[DATA PROVIDED]:

[Start of section]

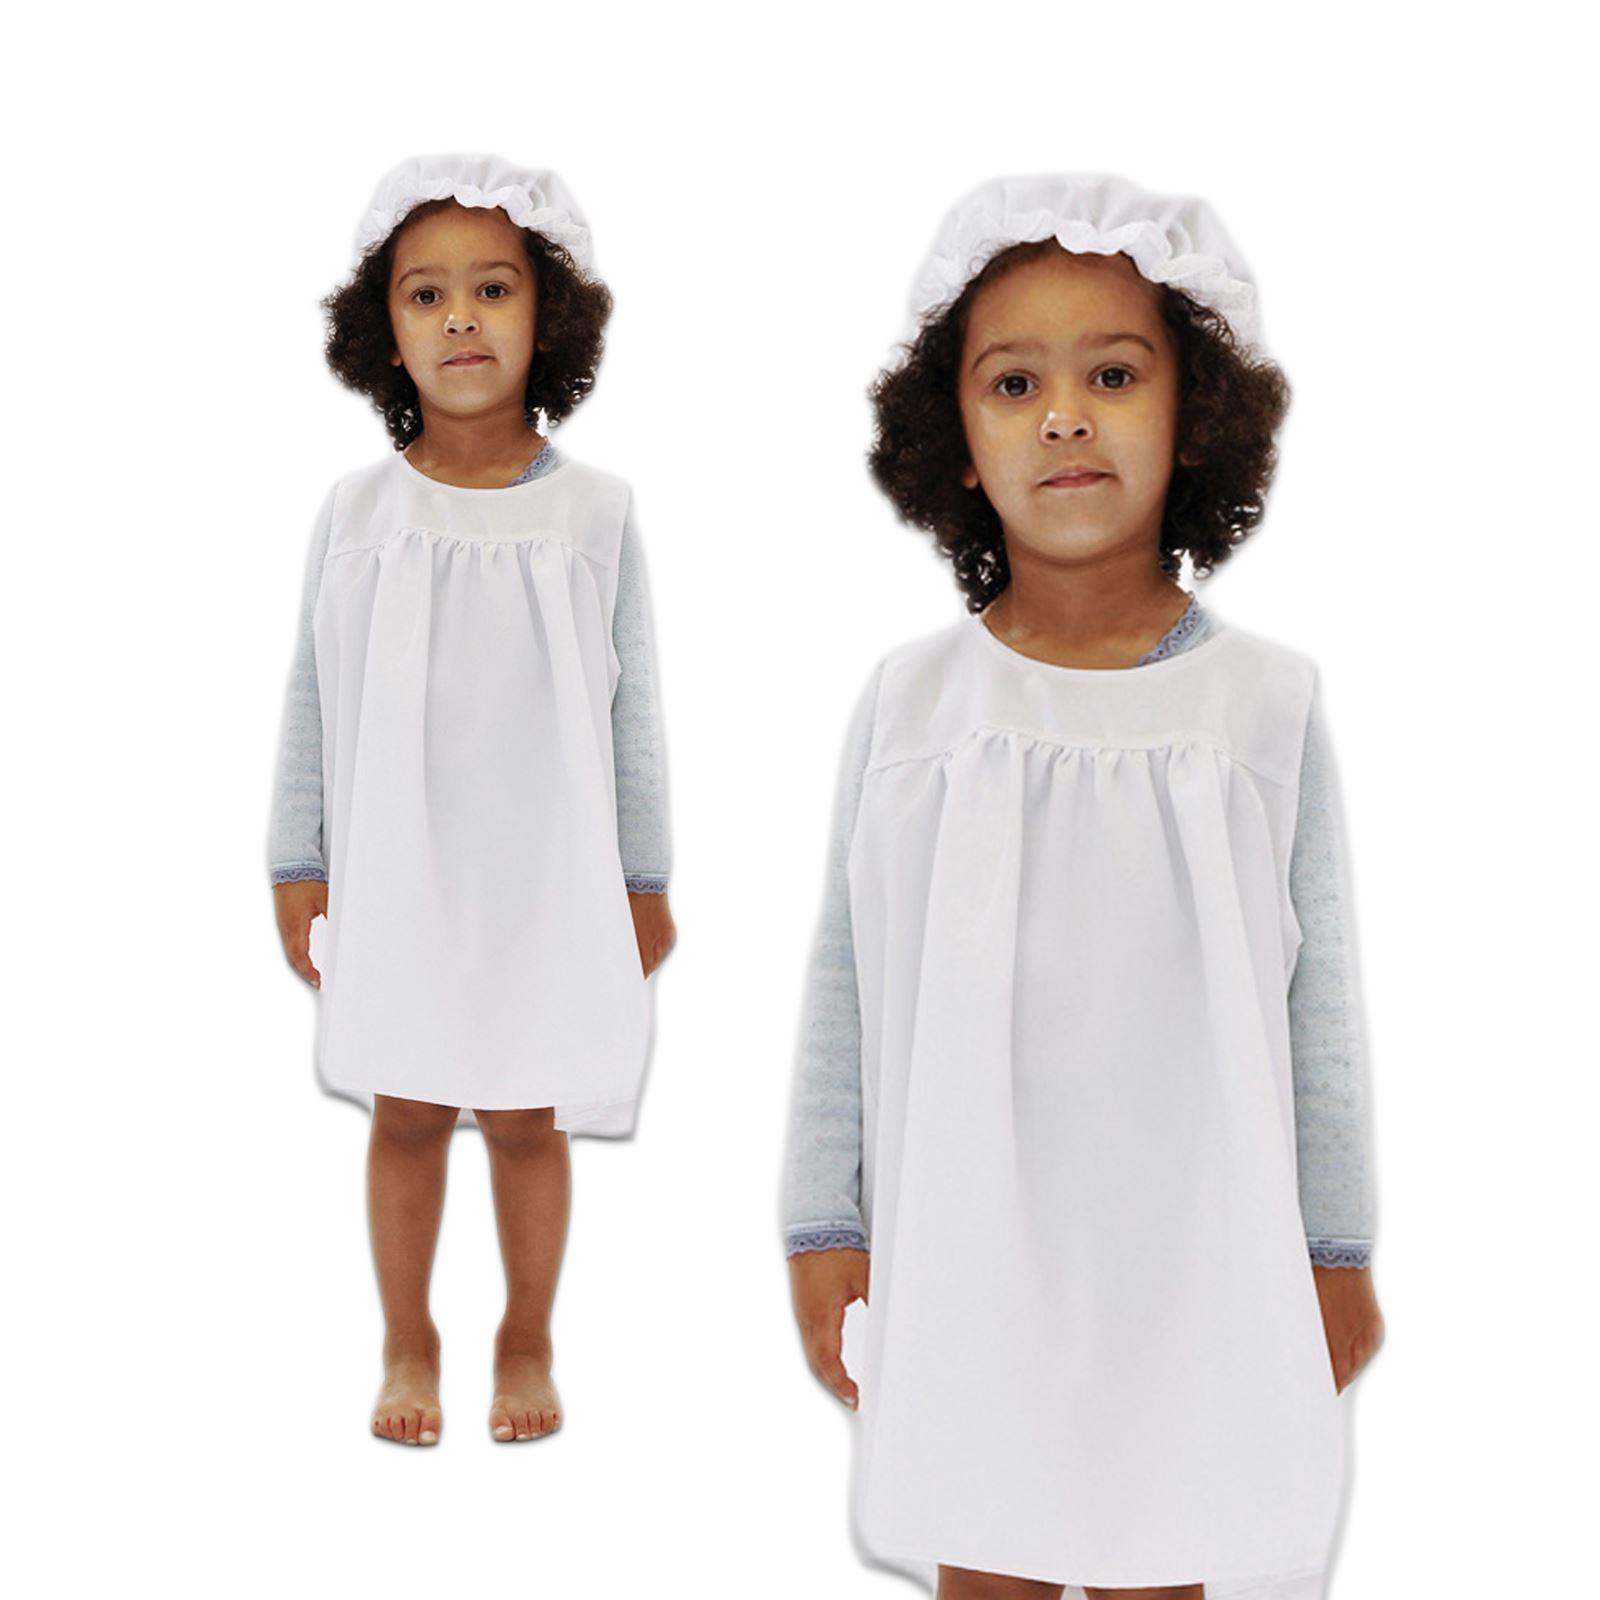 White tudor apron - Click To Close Full Size
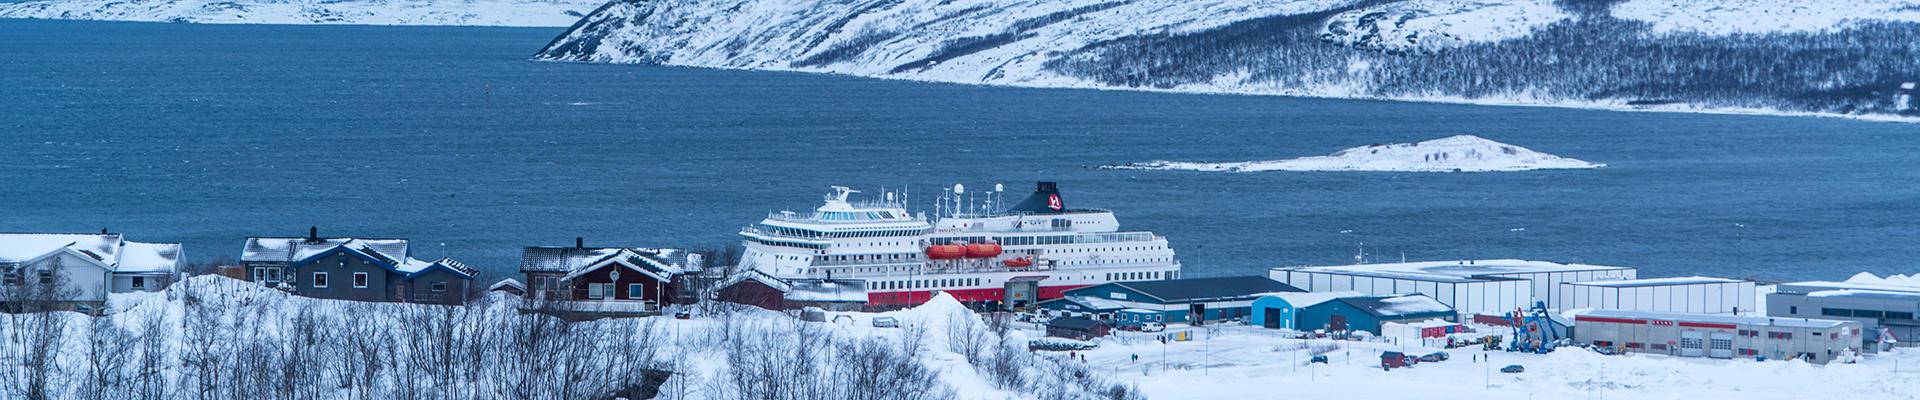 FO Finnmark
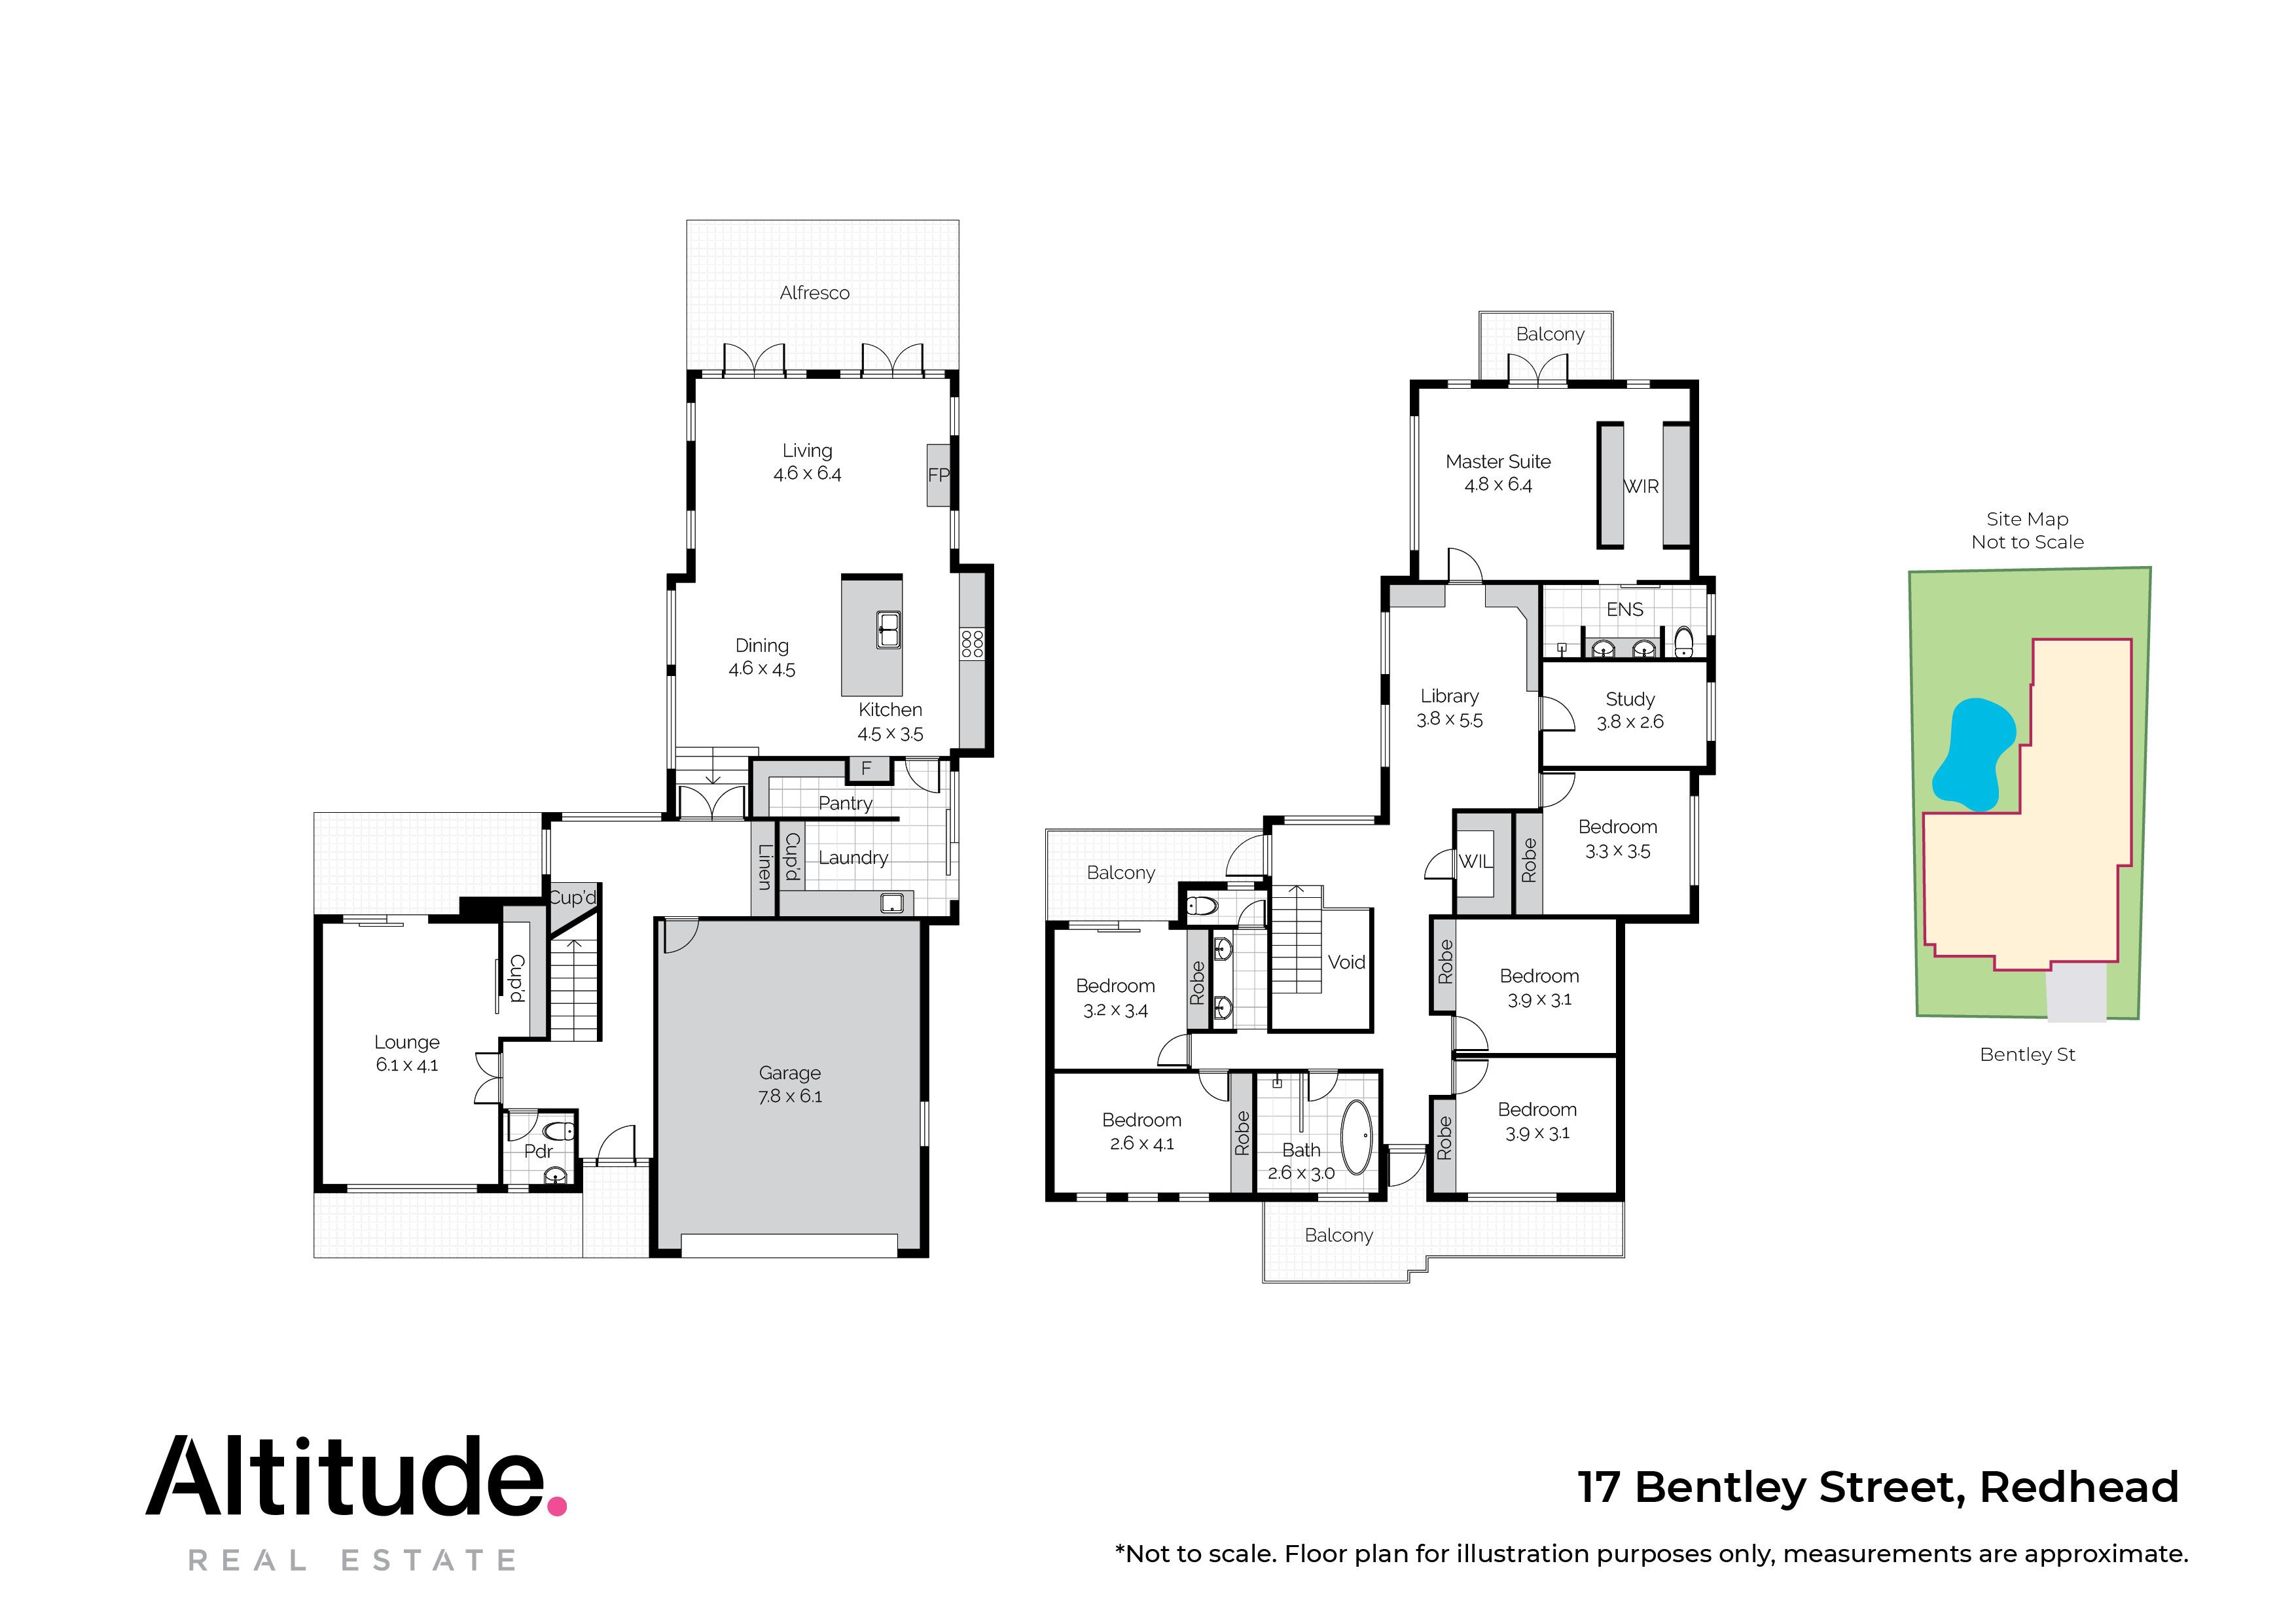 17 Bentley Street, Redhead, NSW 2290

[End of section]

[WORK ITEM]:
What's needed is a word-for-word retyping of the listing, minus its pictures.

[ANSWER SPACE]:
 White tudor apron - Click To Close Full Size
 FO Finnmark
 17 Bentley Street, Redhead, NSW 2290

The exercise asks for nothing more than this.